The control variant shows the lowest scavenging effect of 43%. Generally, the addition of all waste materials to the substrates elevated the scavenging ability. The strongest effect of supplementation on the improvement of the scavenging ability (up to 80%) was observed for mushrooms cultivated with 20% PPEW. The ability to scavenge DPPH radicals was strongly correlated with TPC (r = 0.820) and with phenolic metabolites (0.989 ≥ r ≥ 0.969) except for 4-HBA, which confirmed the powerful role of phenolic compounds as antioxidants.

4. Discussion

According to Kalač [59], the number of commercially cultivated mushroom species is about 100 with 20 species cultivated on an industrial scale.

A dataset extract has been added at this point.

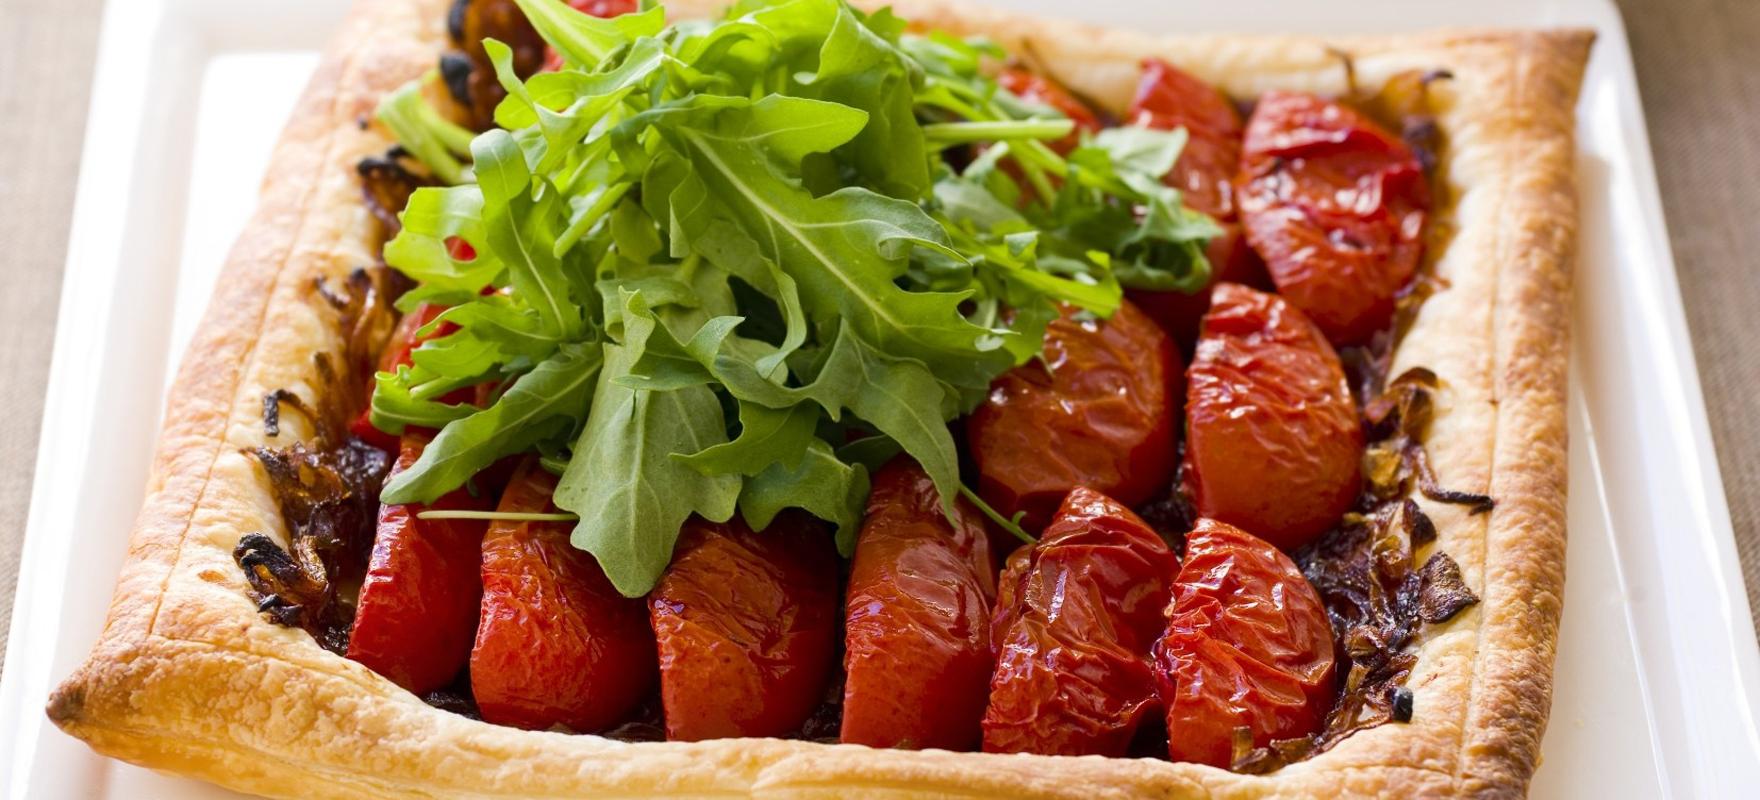 Caramelised onion and tomato tarts image 1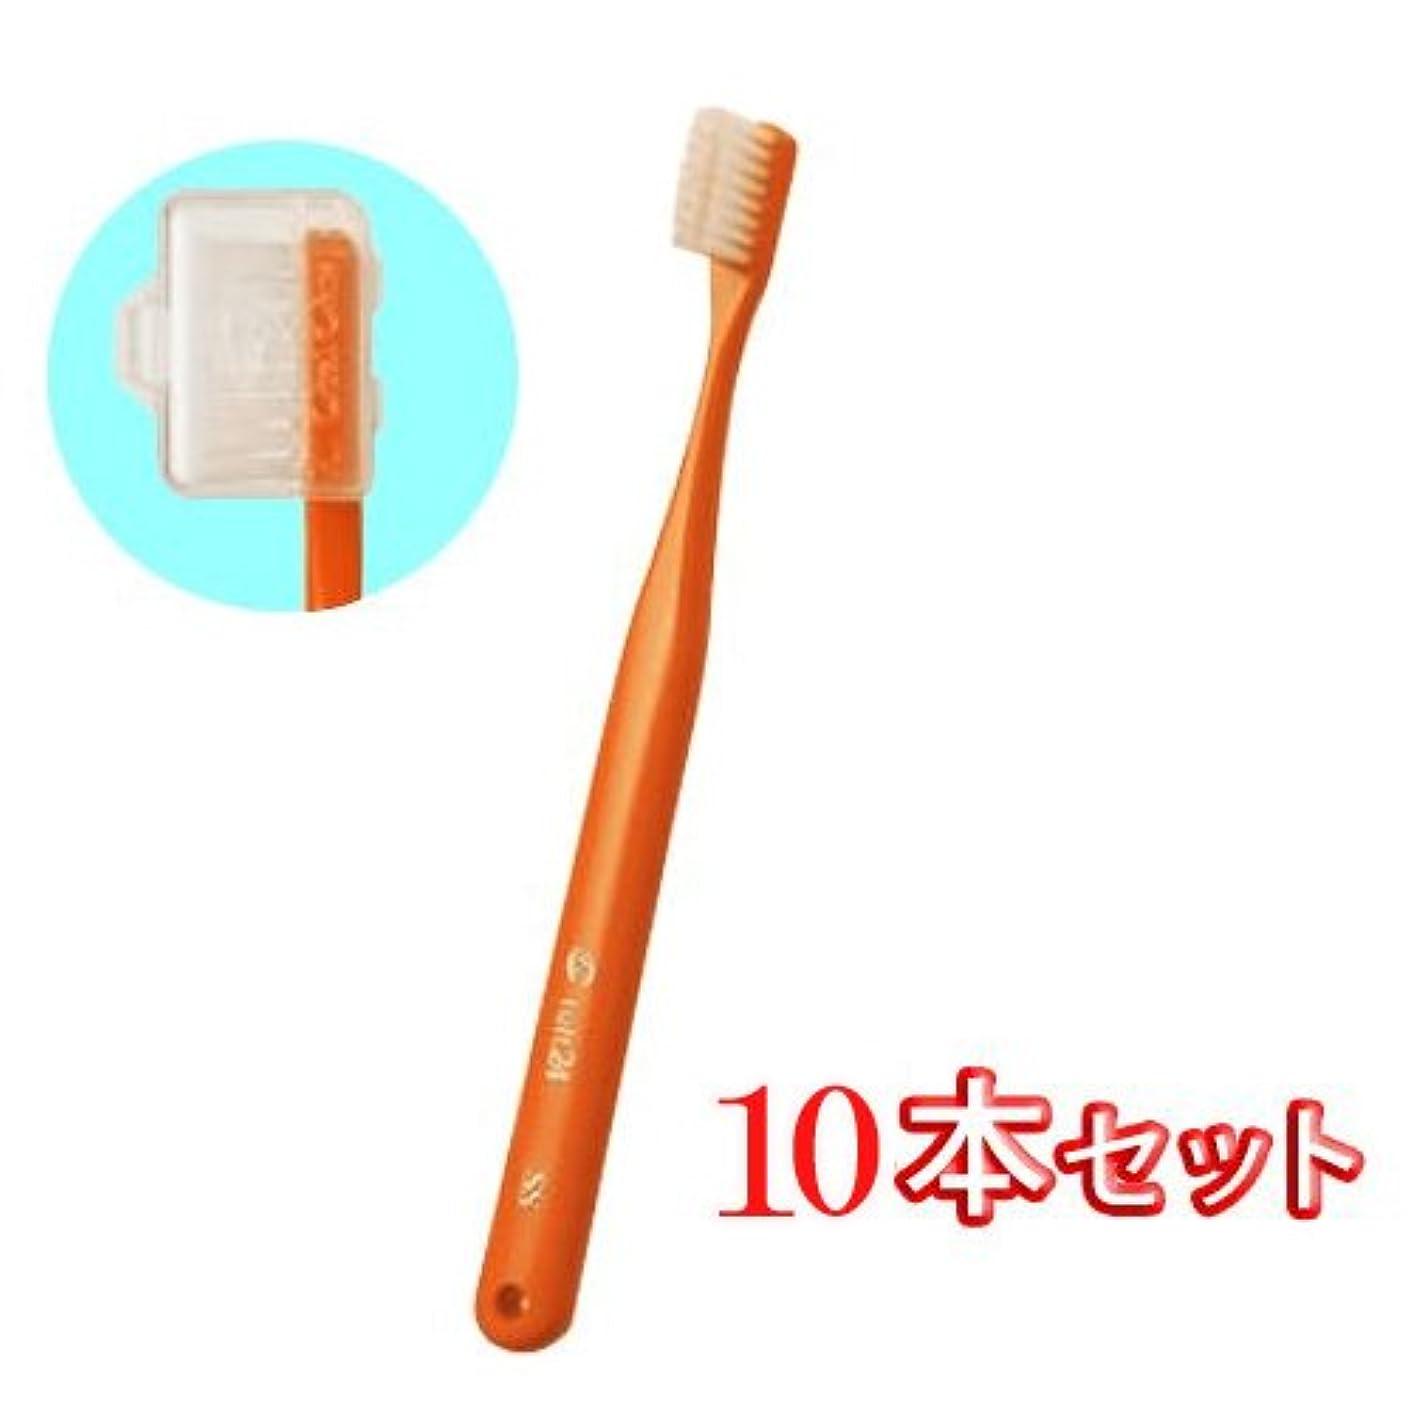 ピラミッドボルト戦うオーラルケア キャップ付き タフト 24 歯ブラシ スーパーソフト 10本 (オレンジ)

For this reason, biofortification of not only P. citrinopileatus, but also many other species are important due to the improvement of their composition. Cultivation of P. citrinopileatus in substrates enriched with selected additions containing particular elements (e.g., Ca, Mg or Se) may be the cause of their increased transport during fructification [60,61]. However, it should be remembered that biofortification concerns only selected and essential elements such as Fe, Li, Se or Zn. For the cultivation of P. citrinopileatus in Poland, wheat or rye straw and deciduous sawdust enriched with cereal bran are mainly used to prepare the basic component in the culture medium [5,50]. Stimulation of mushroom growth on substrate enriched with organic wastes is related to the higher concentration of nitrogen as well as other necessary elements [62]. This was confirmed by results reported in a study by Singh and Singh [63], where P. citrinopileatus was cultivated separately or on various combinations of paddy straw with selected agriwastes (pea pod shell, radish, leaves, brassica straw or cauliflower leaves). Those authors observed that an optimal composition of the substrate (in this case 70% paddy straw and 30% of other agriwastes) stimulated P. citrinopileatus yield and bioefficiency. In our study, a higher or lower addition of TPEW (50 or 25%, respectively) was not the cause of significant changes in yield. Additionally, results described by Singh and Singh [63] that the preparation of substrate composed of an optimal mixture used in the experiment for WB, PPEW and/or TPEW could be a factor causing a significantly higher yield of this mushroom species. Owaid et al. [64] confirmed this point of view by indicating that the use of additives in the form of mixtures more effectively meets the nutritional requirements of mushrooms. This satisfaction of P. citrinopileatus nutritional needs to varying degrees with the wastes used in our studies can explain significant differences in the yield observed in Figure 1. The potential cause for differences in yields of P. citrinopileatus may have resulted from the varied ability of P. citrinopileatus to secrete hydrolytic and/or oxidative enzymes crucial in the use of lignocellulosic substrates [65].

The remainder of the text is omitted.